Try it: Leave out the pictures and retype, exactly, the lines below from the line with "Bett Mit Echtleder" up to and including the line with "Футболка игровая Nike Dry Tiempo Prem JSY LS", nothing more.

Exercise material:
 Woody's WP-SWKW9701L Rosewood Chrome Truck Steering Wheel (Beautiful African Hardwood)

--

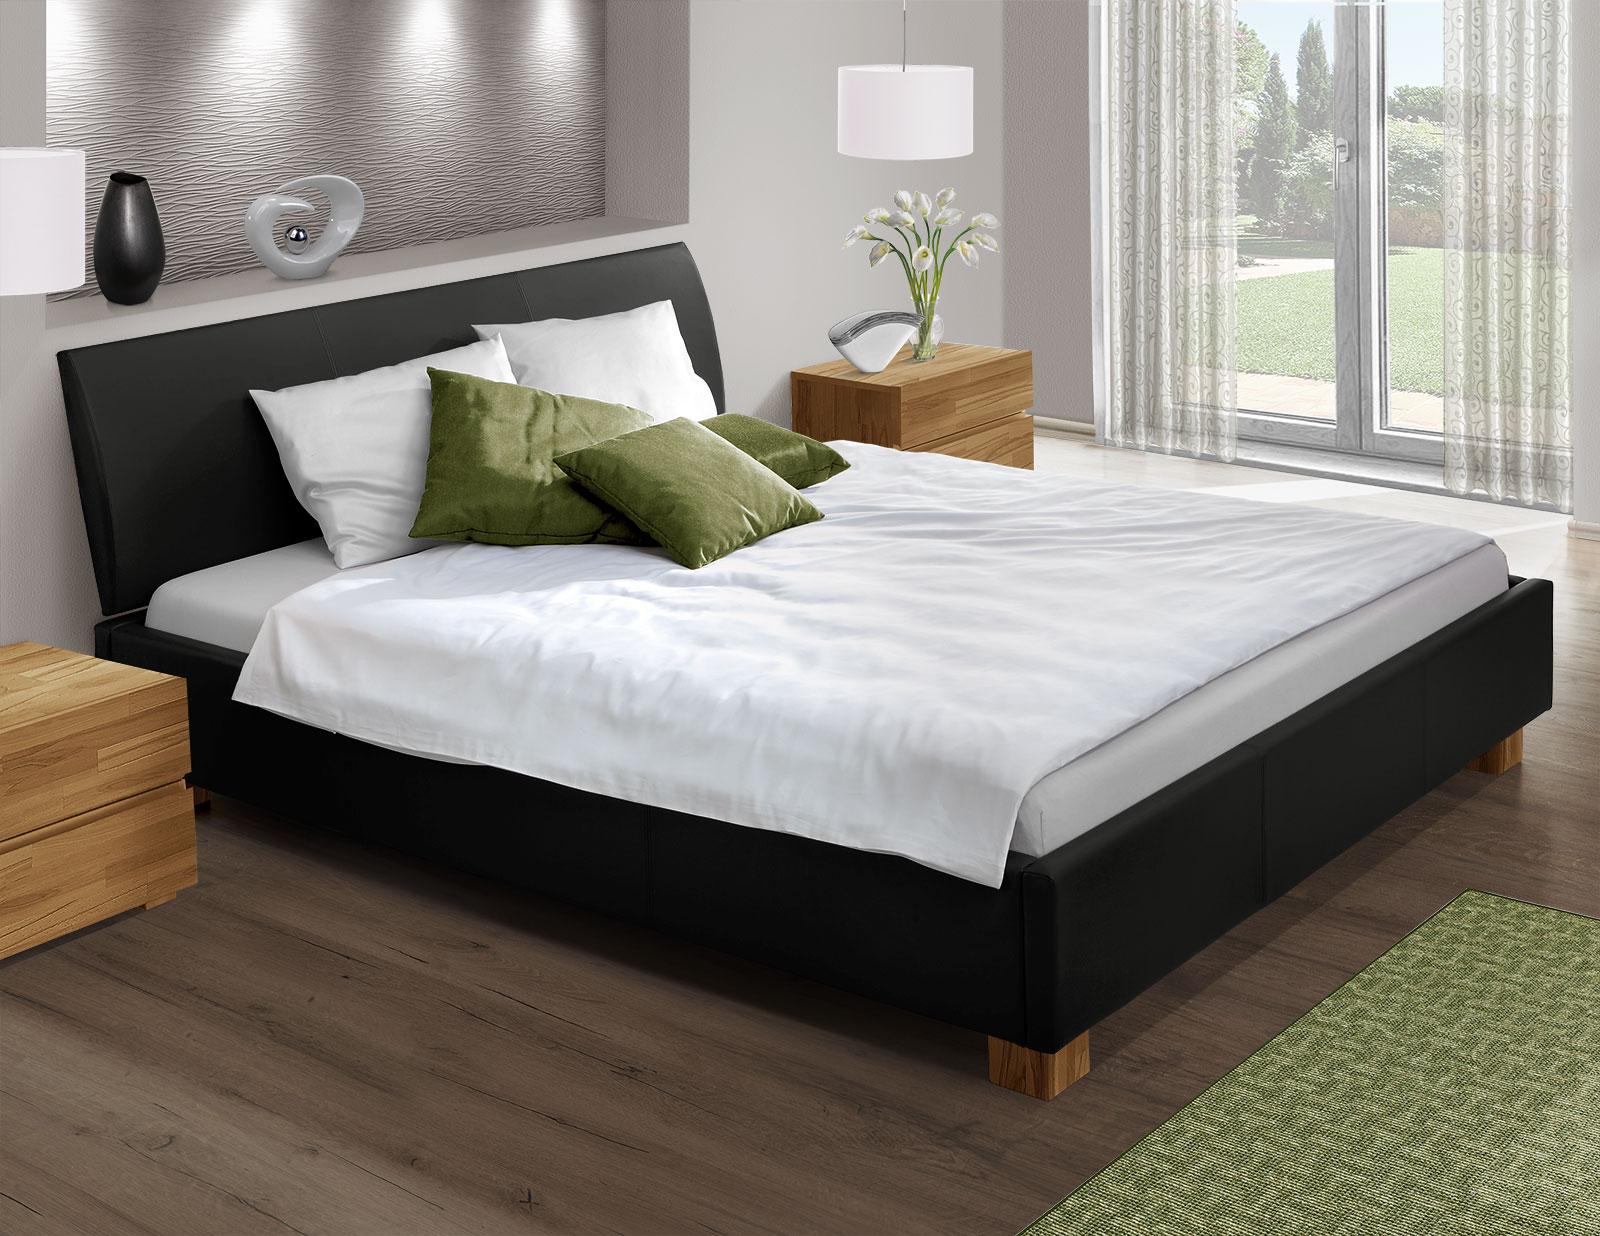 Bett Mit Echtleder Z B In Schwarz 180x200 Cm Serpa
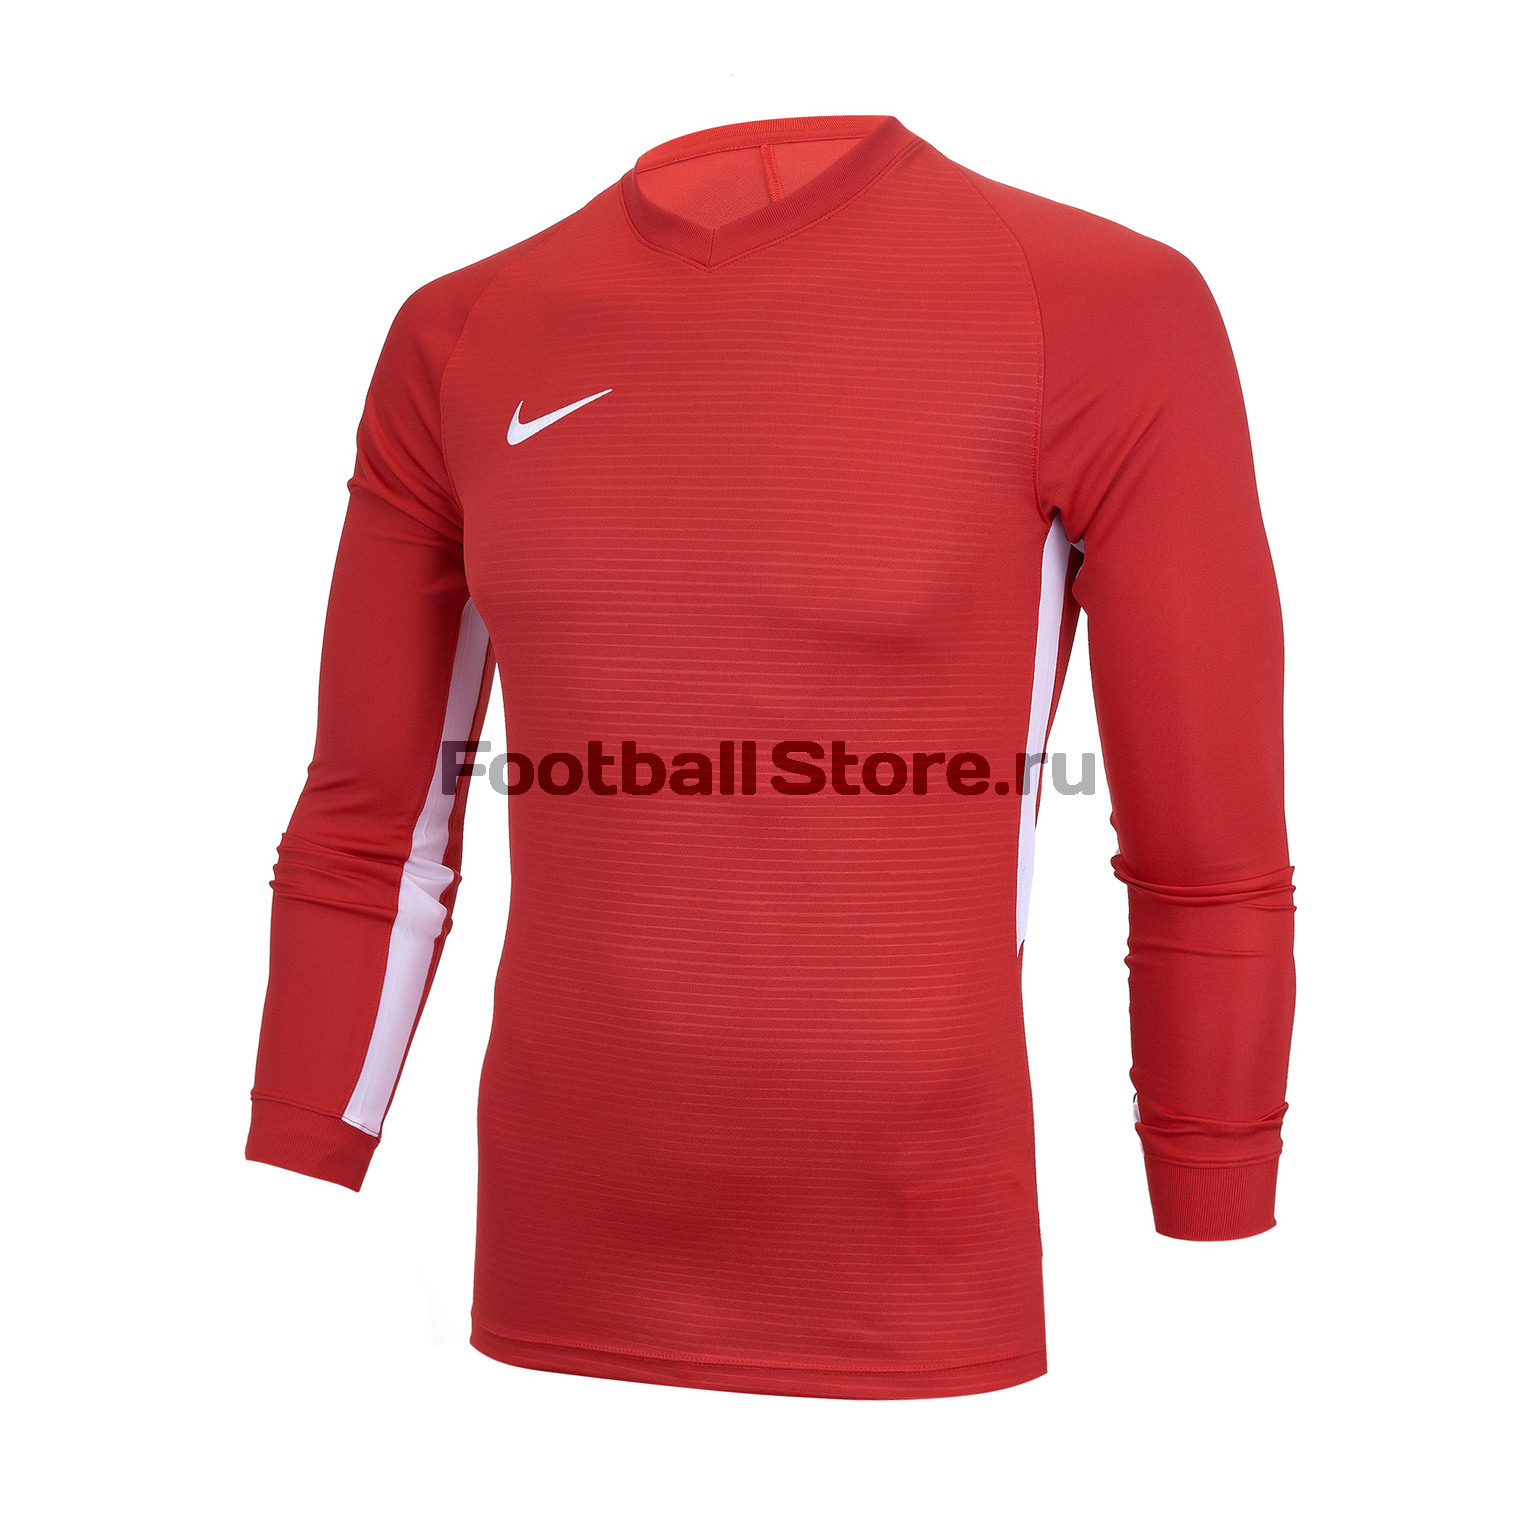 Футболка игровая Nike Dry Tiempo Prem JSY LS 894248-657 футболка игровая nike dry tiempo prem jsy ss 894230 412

Solution:
 Bett Mit Echtleder Z B In Schwarz 180x200 Cm Serpa
 Футболка игровая Nike Dry Tiempo Prem JSY LS 894248-657 футболка игровая nike dry tiempo prem jsy ss 894230 412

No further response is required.